Только та и разница, что неумелых горничных барыни обучают, а меня она обучала на особый лад.
Как-то я взяла щетку, надо было Виктору костюм почистить, и забыла сразу на место положить. Она положила щетку на полочку и говорит: «Я попрошу вас, Ксюша, без разрешения мои вещи не брать и в мое отсутствие в комнату мою не входить».
Вот так вот вежливо и культурно учила она меня уму-разуму.
Несмотря на пятьдесят с лишним лет, она еще очень красивая была. Одевалась элегантно, следила за собой. Изящная… Умная… Умелая.
А я, честное слово, даже понять не могу, что тогда со мной происходило.
Я тупела в ее присутствии, становилась неуклюжей, косноязычной, была совершенно бессильна против ее тактики.
К ней часто приходили в гости ее давние приятельницы.
Такие же интеллигентные, воспитанные, остроумные. Беседуют в столовой, негромко, вспоминают какую-то медсестру Валю, уволенную из их клиники.
Моя свекровушка, Калерия Анатольевна, говорит грустно, сожалеюще:
— Просто она была до ужаса бездарна… Между прочим, в народе этих несчастных людей называют никчемушными. За что ни берется, все получается тускло, неловко, некрасиво…

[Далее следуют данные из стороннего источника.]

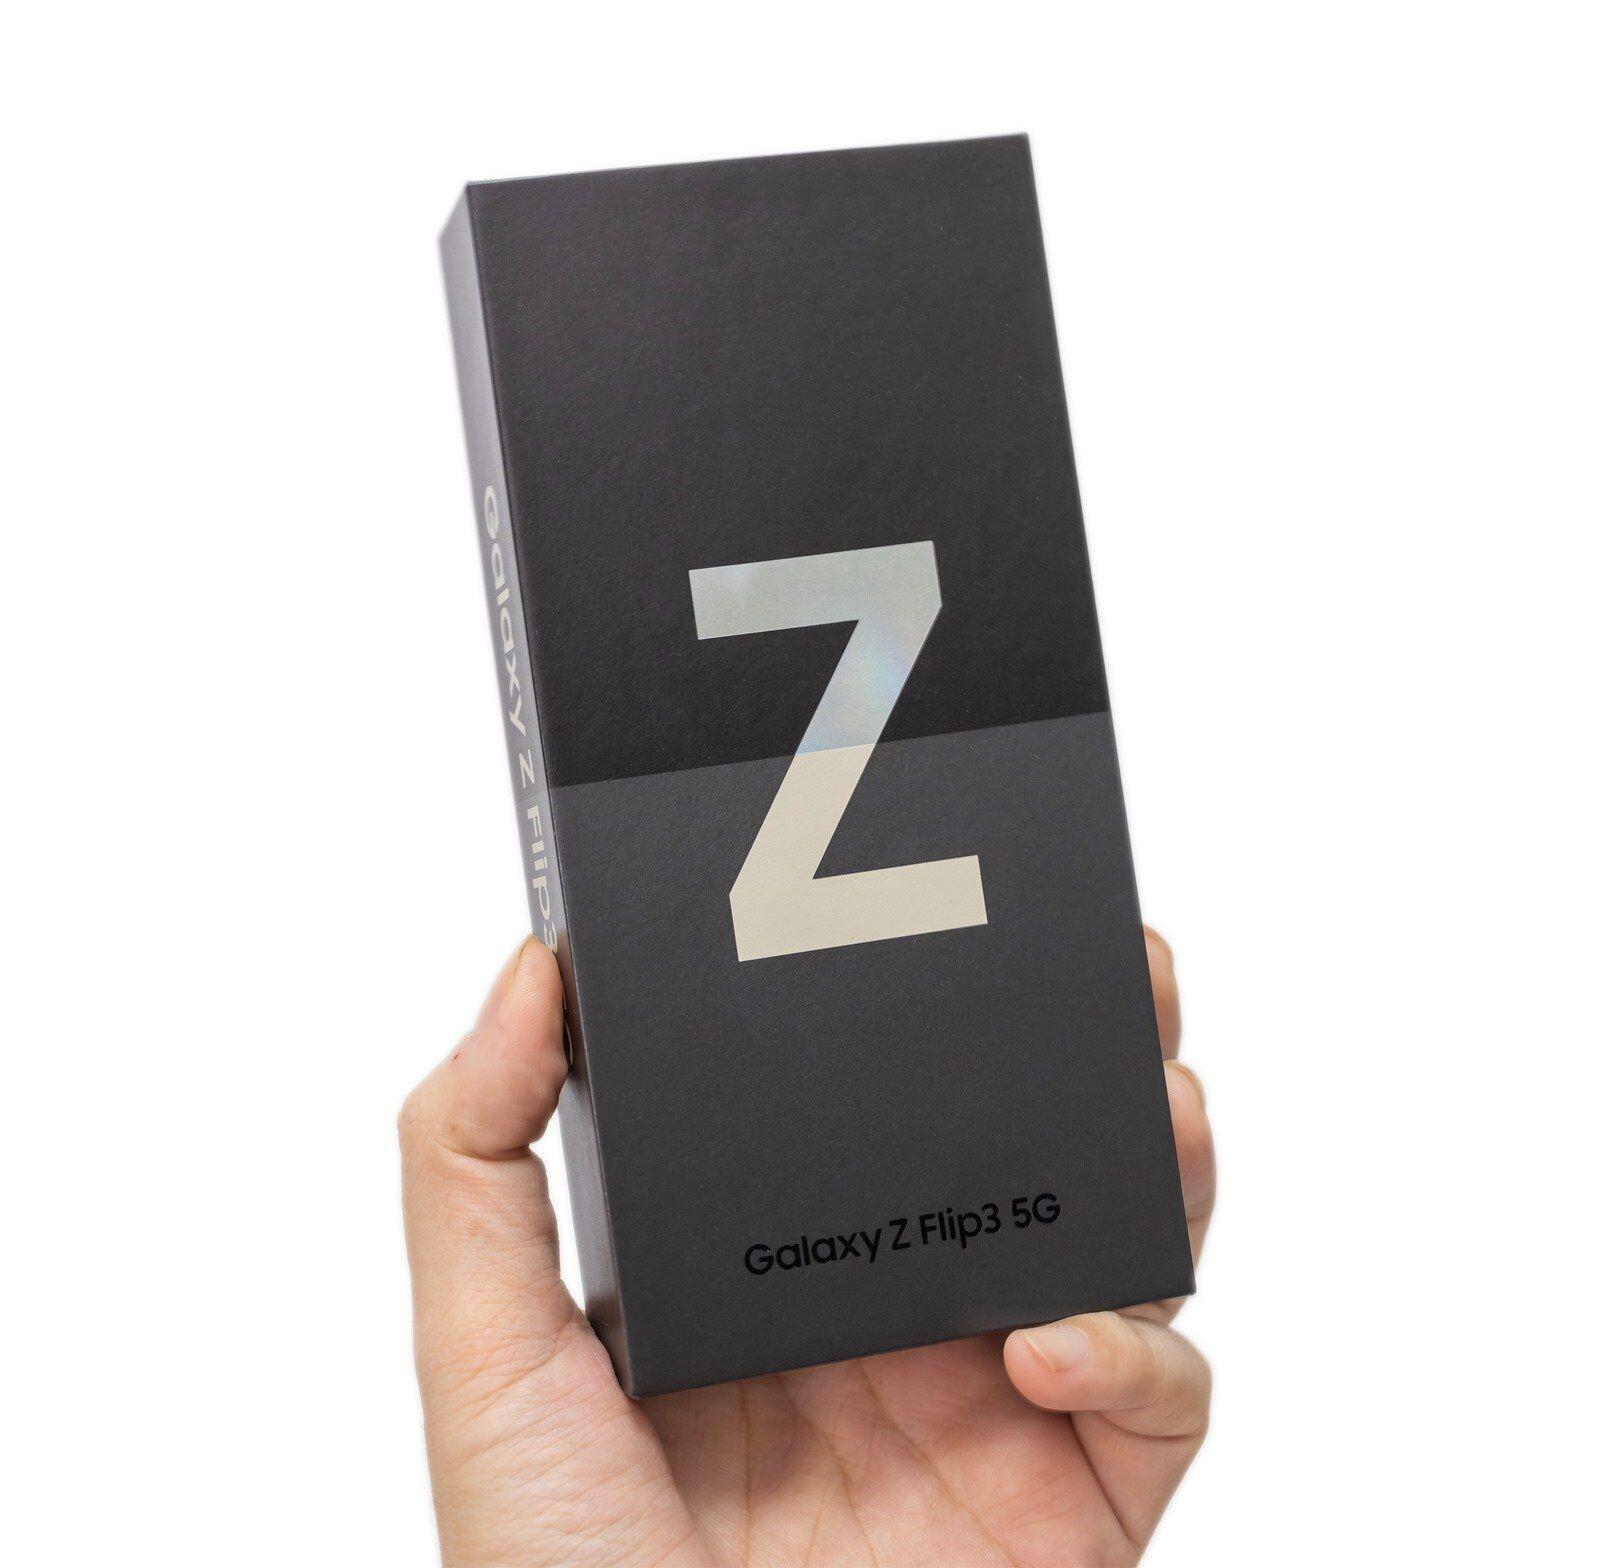 Z Flip 3 最美折疊機顏值真的高 (1) 看看性能電力表現如何! @3C 達人廖阿輝

Потом они начинают спорить о женской обаятельности.
— Юлечка, дорогая, дело не в красоте. Возьмите Нину Аркадьевну: и носишко вздернут, и рот великоват а в целом прелесть.
Это опять же она говорит, Калерия Анатольевна.

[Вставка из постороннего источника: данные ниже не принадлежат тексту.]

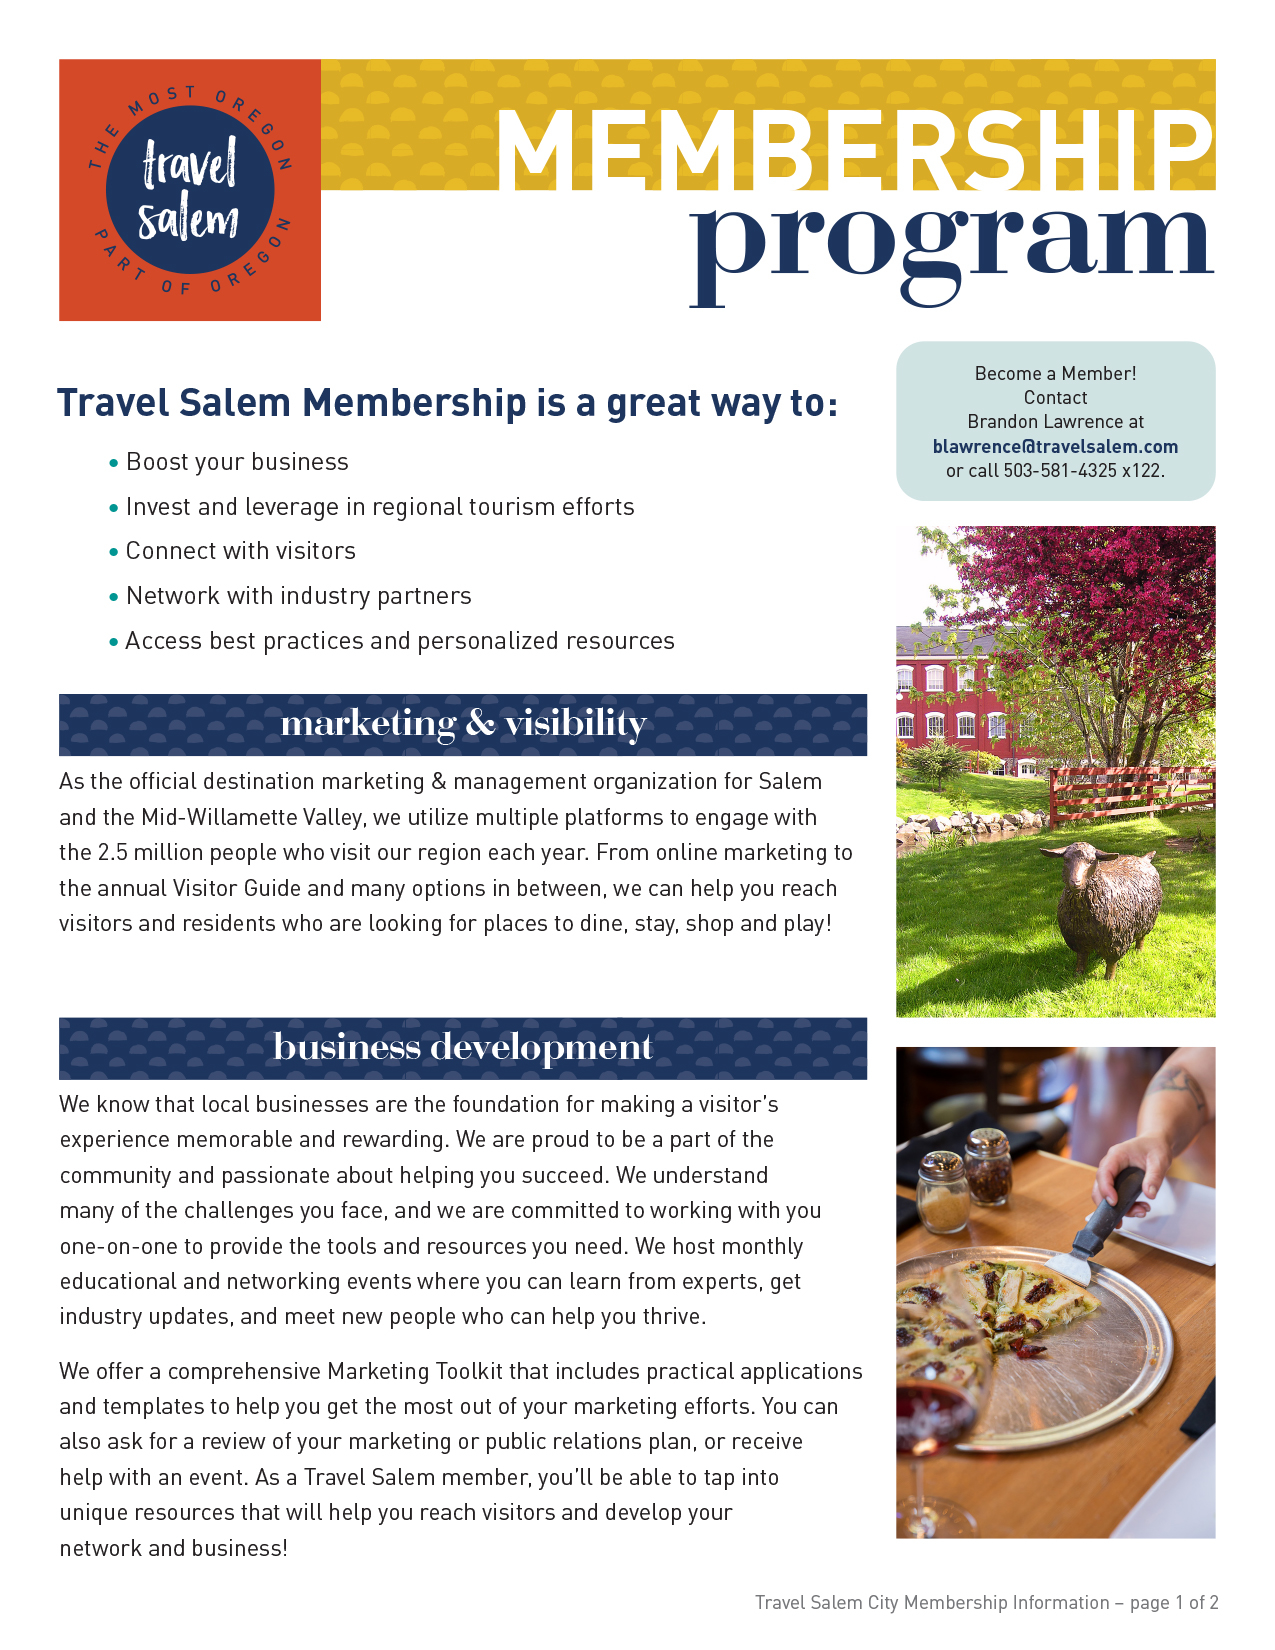 Travel Salem City Membership Information Flyer

— Женская обаятельность… трудно определить из каких элементов она слагается. Сочетание изящества, врожденной женственности с острым, живым умом, чувством юмора… Нет, нет, дорогая моя! Разумеется, воспитание играет огромную роль, но никакая внешняя культура, никакой диплом и даже ученая степень не могут компенсировать этой… я бы сказала, женской неполноценности.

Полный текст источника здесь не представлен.